驚異的な強さを見せつけ、バルサはリーガの首位に立っている。正直な話、モウリーニョのマドリが簡単にとりこぼすとは思えないながら、それでも今のバルサがリーガ3連覇を逃すことは、よもやあり得ないだろう。そう断言してもいいくらいに、決定的な差を見せつけ、バルサは勝ち続けている。
少し古い話だが、ペップがクラシコ直後にこんなコメントを残した。
“このやり方で勝てたことがうれしい”
このやり方。それはバルサが1980年代の後半にヨハン・クライフを監督に迎えて以降、一貫して目指してきたスタイルのことだ。パスを回し、ボールを動かし、ボールポゼッションを高め、試合を支配する戦い方。それをやられた相手は主導権を握られ、走らされて、集中力を失う。そしてバルサはその一瞬の隙を狙うのである。また高いボールポゼッション故、相手にボールを触らせないという観点から、それを最大のディフェンスアイディアとしている。
現バルサ監督であるペップことグアルディオラは、このスタイルで育った選手だった。そしておそらくこのスタイルの中でしか活きない選手であった。実際にスペイン代表では凡庸な成績しか残していないワケだが、それはともかく、このスタイルを最もよく理解してプレーしていたペップが、今度は立場を変えて、それを最も高い次元でピッチ上に現出させている。
そしてその最高次元を可能としているのが、バロンドールの最終候補に選ばれた3人の選手、中でもチャビがこの「パスを回し、ボールを動かし、ボールポゼッションを高め、試合を支配する戦い方」をする上で、一番欠かすことのできない選手であろう。
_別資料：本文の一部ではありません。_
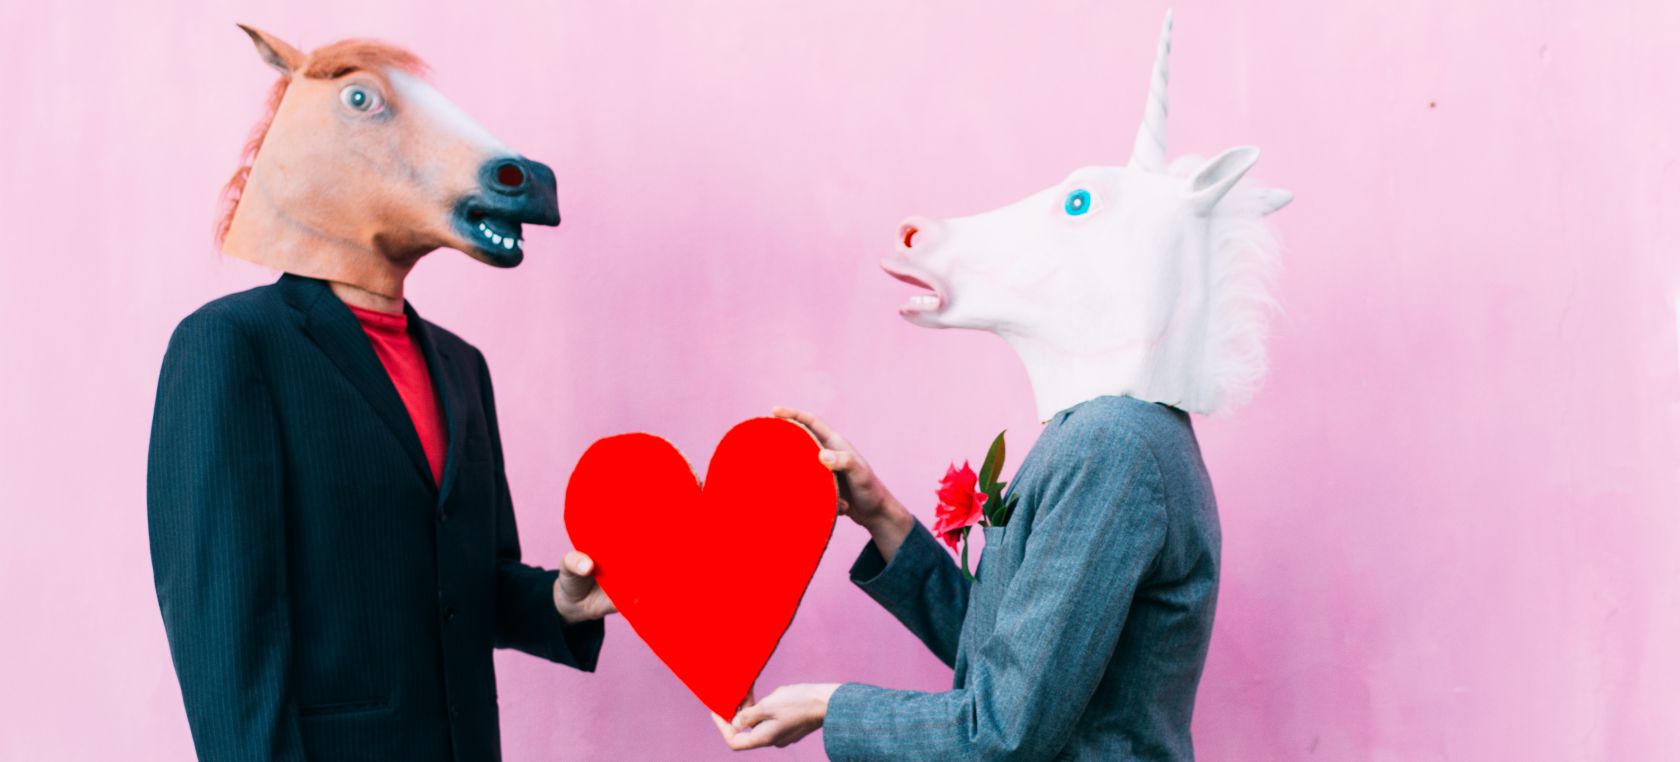 Los mejores memes sobre San (y Sam) Valentín para reírse el Día de los enamorados

チャビはこの3年間で、フットボール史上最も偉大なミッドフィールダーになった。これは大げさな表現と思われるかもしれないが、それでもボクはあえて、そう断言する。なぜなら、この3年でチャビは獲得することの可能なタイトルのすべて(EURO、クラブ6冠、ワールドカップ)を手中に収めたからである。こんなことを成し遂げた選手は他にいない。スペイン代表とバルサと、そのフットボールの中心にいるチャビ。だからこそボクは、チャビを最も偉大なミッドフィールダーと断言した。
ツイッターなどでバルセロニスタの意見を見ると、チャビにバロンドールを、という声が多い。これだけのことをやってきているのだから、それも当然だろうが、これは裏を返せば、チャビが受賞するに断言はできかねるということでもある。昨年のメッシーのように、絶対的な意見ではないというワケだ。でもそれは、彼のプレースタイルにもよるところが大きいのかもしれない。
例えばバロンドール最終候補のメッシー。彼は誰もが認める世界No.1の選手であり、昨シーズンのゴールデンブーツでもある。ワールドカップでは期待された活躍はできなかったが、今シーズンも、昨シーズンを超えるペースでゴールを量産、派手さがある。
もう一人のバロンドール最終候補のイニエスタも、本来は地味な方だが、ワールドカップ決勝でのゴールというインパクトを持っている。もちろんイニエスタもチャビ同様にこの3年ですべてのタイトルを獲得した選手でもあるから、獲得するに十分だ。
それに対してチャビは、これといって、決定的な決め手があるワケではない。ただ、バルサとスペイン代表と、そのフットボールをより高次元にしている選手として、高い評価を受けただけのことだ。だからこそバルセロニスタはチャビに受賞してほしいと思っているのだろうが、でも実のところ、ボクの意見は真逆なのである。
そう、チャビには決定的な要素がない。マドリ戦やエスパニョール戦でのゴールは素晴らしかったが、あれはデルビーがなさせただけのこと。本来は主役になる選手ではない。あくまでボールを保持し、ゲームを支配することが持ち味であり、その結果としてメッシーなりビージャなりをその日の主役にさせる。そういう選手なのである。
だからこそボクはチャビにバロンドールは必要ないと考えている。
ペップのいう“このやり方”とは、けっして一人のクラックに依存しない、選手11人が連動し、相手を圧倒するフットボールのはずだ。その11人を連動させる潤滑油たるチャビが、クラックの最たるものといえるバロンドールを受賞するなど、皮肉以外の何物でもない。だからボクは、もし本当にチャビがバルサのスタイルを最高次元にしている選手であるならば、バロンドールを受賞すべきではないと考えているのだ。